Military & Security

Ollama Out-of-Bounds Read Vulnerability Allows Remote Process Memory Leak

· May 10, 2026
Ollama Out-of-Bounds Read Vulnerability Allows Remote Process Memory Leak

What happened

A critical security flaw was discovered in Ollama, an AI-related server platform. The vulnerability allows a remote attacker to perform an out-of-bounds read, exposing the entire process memory without authentication. Tracked as CVE-2026-7482 and dubbed Bleeding Llama by researchers at Cyera, this bug could affect more than 300,000 servers worldwide.

The risk

Out-of-bounds read vulnerabilities enable attackers to access memory locations they should not see, potentially leaking sensitive data like encryption keys, tokens, personal information, or proprietary code. Because this hole requires no authentication or user interaction, it can be exploited remotely with minimal barriers, raising the stakes for systems relying on Ollama.

Why it matters

Ollama’s rapid adoption in AI server deployments means the vulnerability endangers a large number of installations that may not have applied patches yet.
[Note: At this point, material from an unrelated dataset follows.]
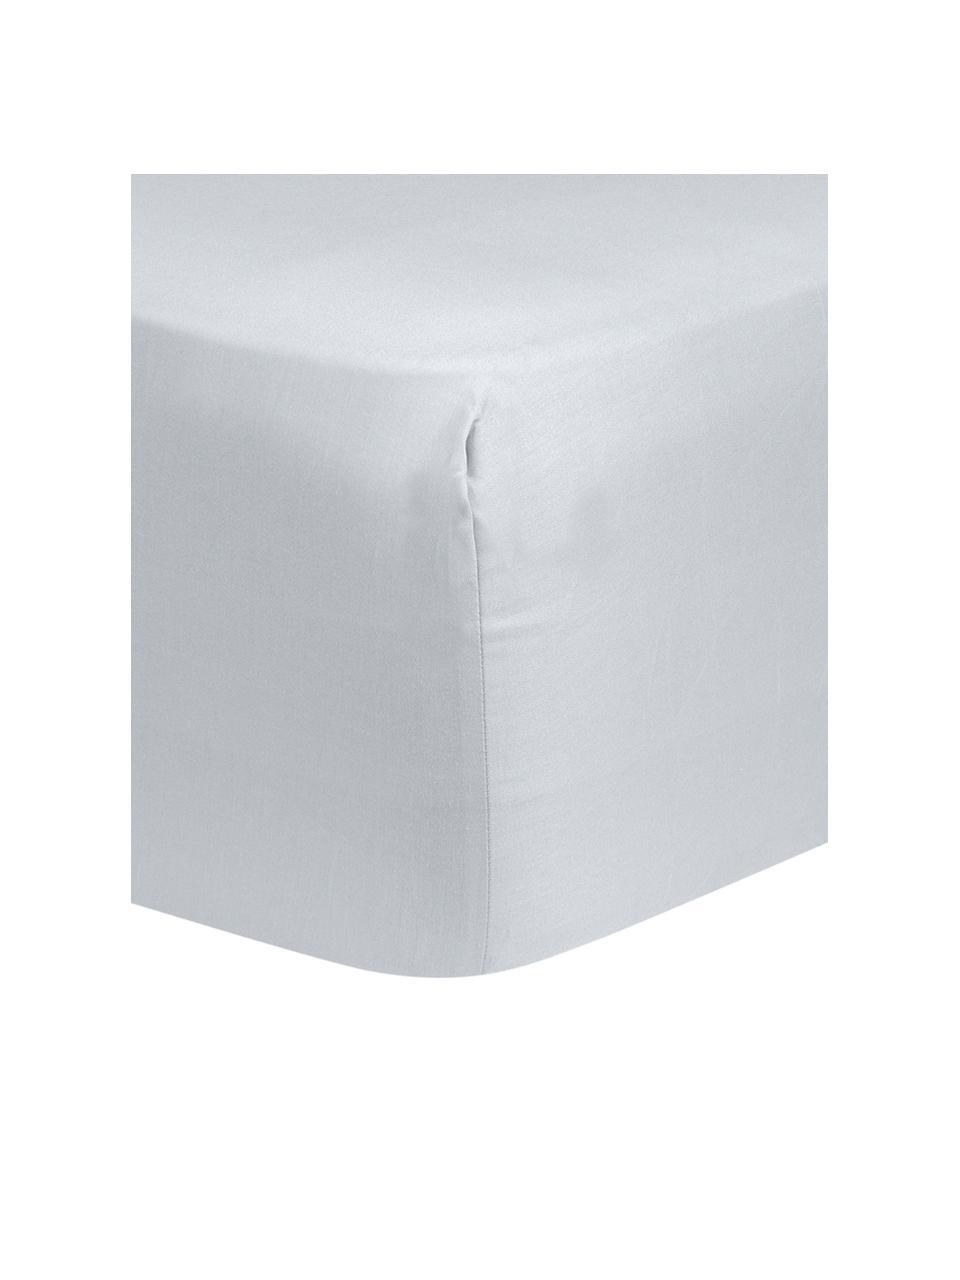 Spannbettlaken Comfort in Hellgrau, Baumwollsatin, Webart: Satin, leicht glänzend, Hellgrau, 180 x 200 cm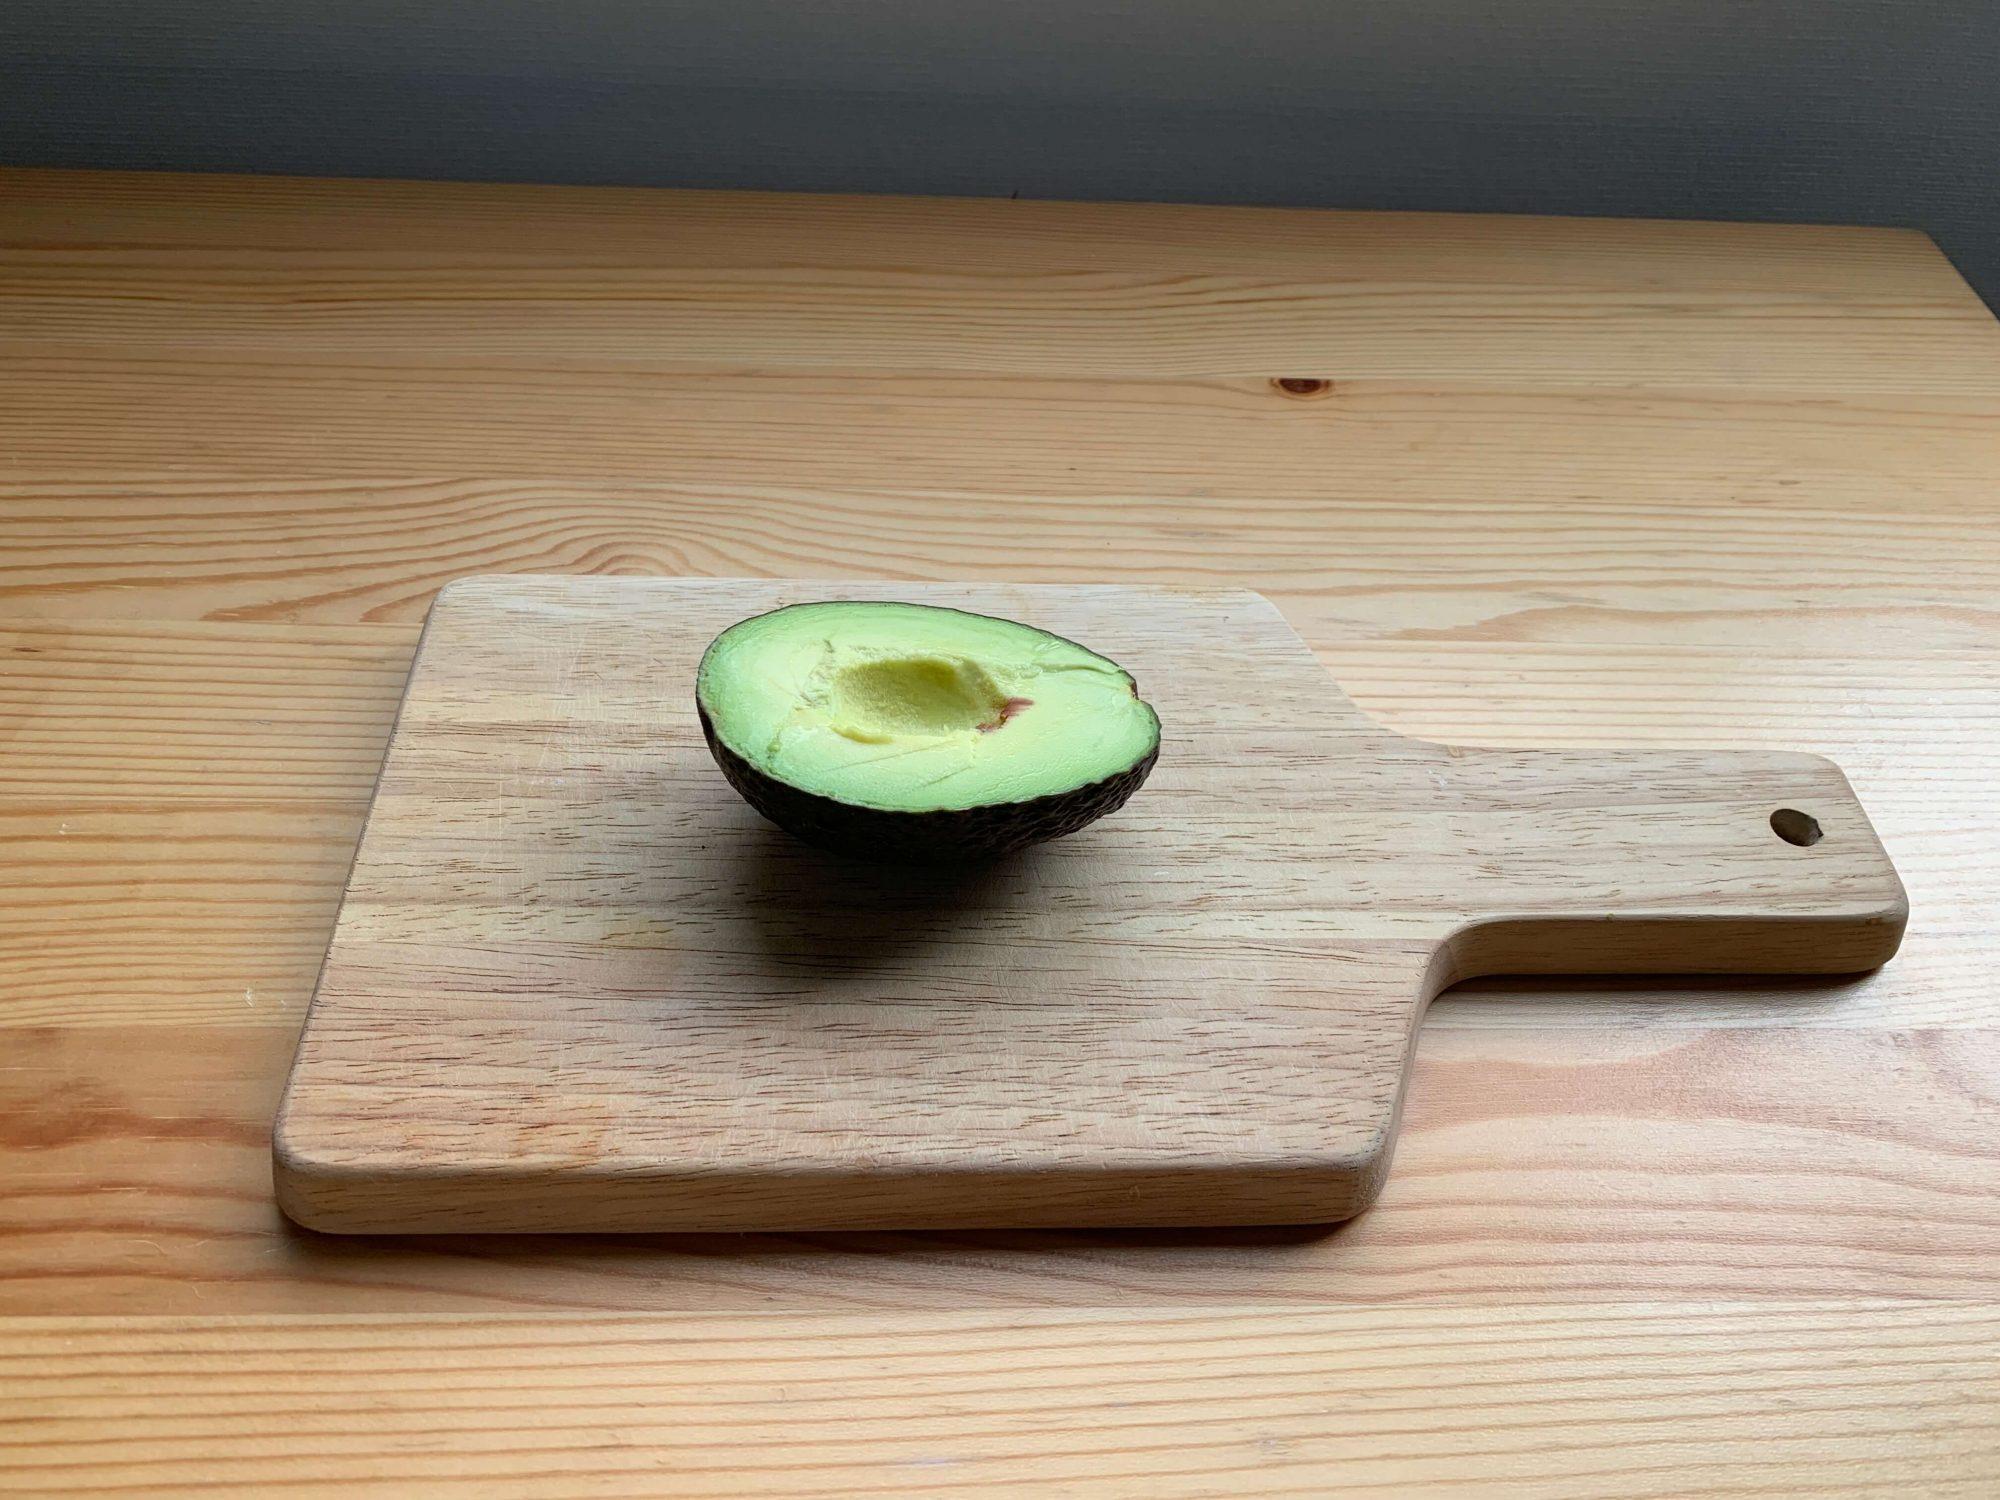 アボカドをのせるとこんな感じ。ちょっとフルーツを剥く時に便利なサイズ感ですね。

For operators, the risk is high because leaked process memory can lead to complete system compromise or data breaches. This weakens trust in servers running AI workloads where confidentiality is critical, and raises the bar for immediate security audits and patch management.

Who should pay attention

DevOps teams running Ollama servers must prioritize identifying vulnerable instances and applying fixes promptly. Security teams should monitor for any evidence of exploitation attempts tied to CVE-2026-7482. Enterprises depending on Ollama for AI services need to reevaluate trust boundaries and consider mitigating exposure until patched versions are widely deployed. Investors and customers should expect heightened scrutiny on Ollama’s security posture.

What to watch next

The key points to track are the rollout of security updates from Ollama’s maintainers and their speed of adoption in the wild. Incident reports or proof-of-concept exploits exploiting Bleeding Llama will indicate active weaponization. Watch for any downstream impacts on AI deployment timelines or increased interests in alternative, more secure AI server software. Security researchers may also uncover additional related flaws in similar platforms.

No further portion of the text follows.